Document Type

Dissertation

Degree

Doctor of Nursing Practice

Major

Nursing

Date of Defense

7-12-2018

Graduate Advisor

Laura Kuensting

Co-Advisor

Roberta Lavin

Committee

Amy Alter

Abstract

Problem: Traumatic Brain Injuries (TBI) are known as the signature wound of veterans serving in Operation Enduring Freedom (OEF) and the Operation Iraqi Freedom (OIF). After the initial TBI diagnosis, outpatient TBI follow-up rates are reported to be approximately 9% less in the Veteran Healthcare Administration (VA) system when compared to the private sector. The purpose of this quality initiative was to decrease the rate of missed appointments among OEF/OIF veterans using a telehealth alternative.

Methods: The Plan-Do-Study-Act (PDSA) method was used to implement a consistent process for the telehealth visit option. A retrospective medical record review over the same 60-day period in 2017 and 2018 compared rates of in-person with telehealth visits.
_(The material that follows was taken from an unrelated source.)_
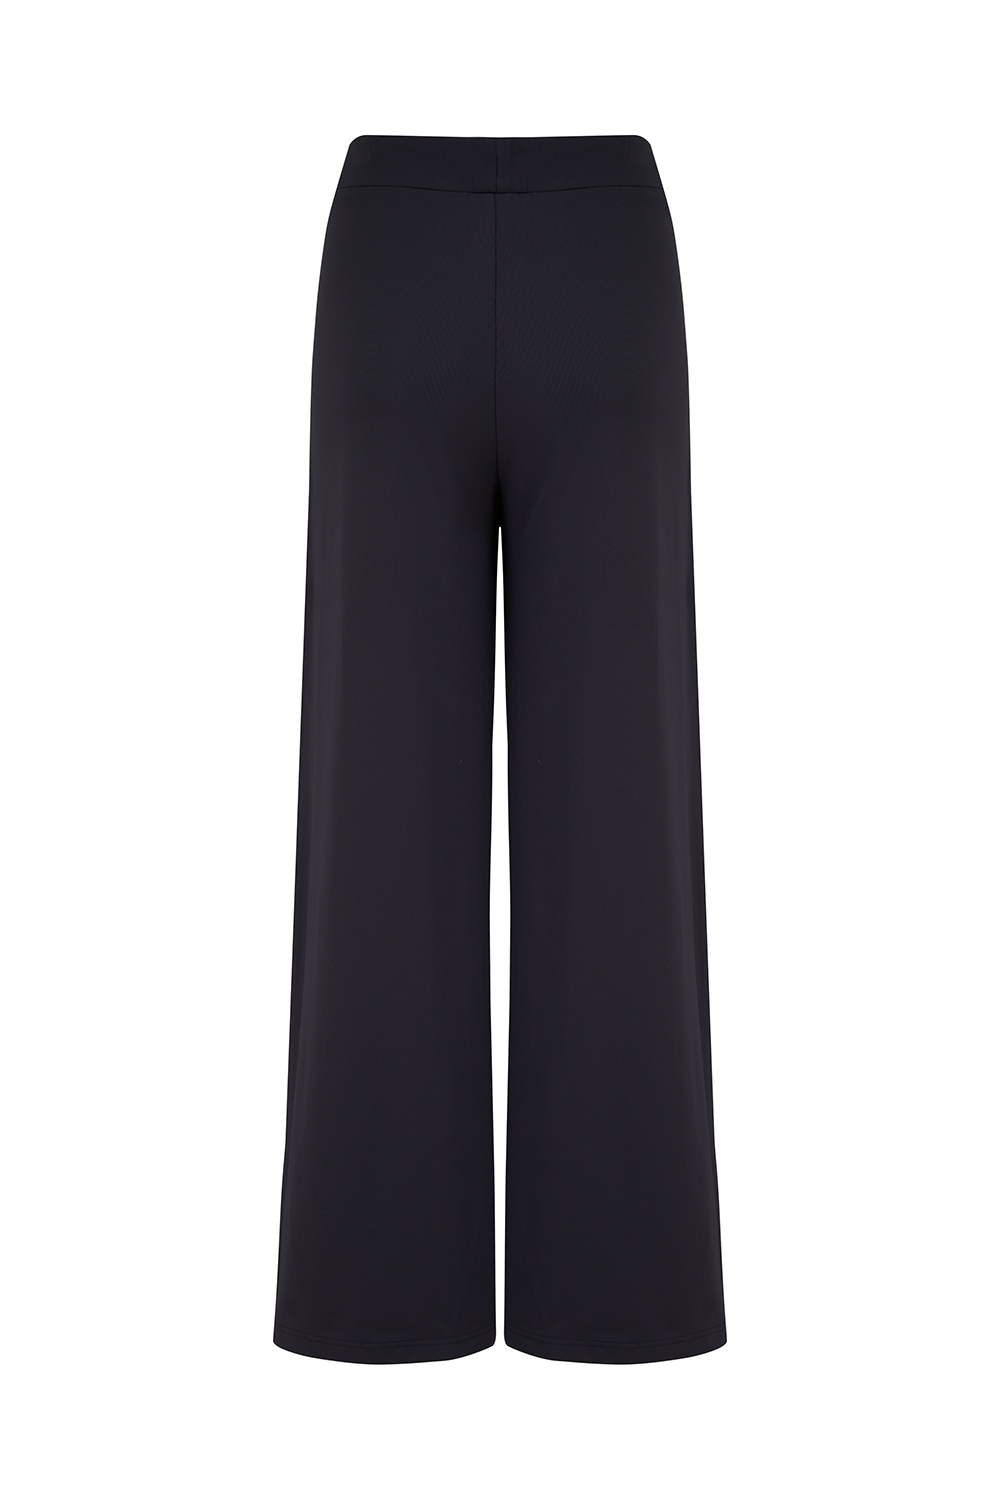 Saint James Tignes Women’s High-rise Wide Pants Navy - New SS21 Collection

Results: A total of 397 visits (N=397) in 2018 occurred. Most were in-person visits (n=382) with few telehealth visits (n=15); however, 73% of telehealth users had a history of missed appointments. The total rate of missed appointments declined from 30.5% in 2017 to 24.5% in 2018. The mean of 2017 missed appointments (M = 31.25, SD=1.08) was higher than the mean of 2018 missed appointments (M = 24.83, SD 4.26). The difference between the two means is statistically significant at the .05 level (t = 3.68, df=7, p = .014).

Implications for Practice: Physical travel to appointments impacted patients who had a history of difficulty accessing TBI care. The TBI outpatient population could attend an appointment using a telehealth alternative for clinic visits. The VA Connect Application provided a feasible alternative to a traditional in-person visit. Increasing access to TBI care may enhance recovery and quality of life for veterans.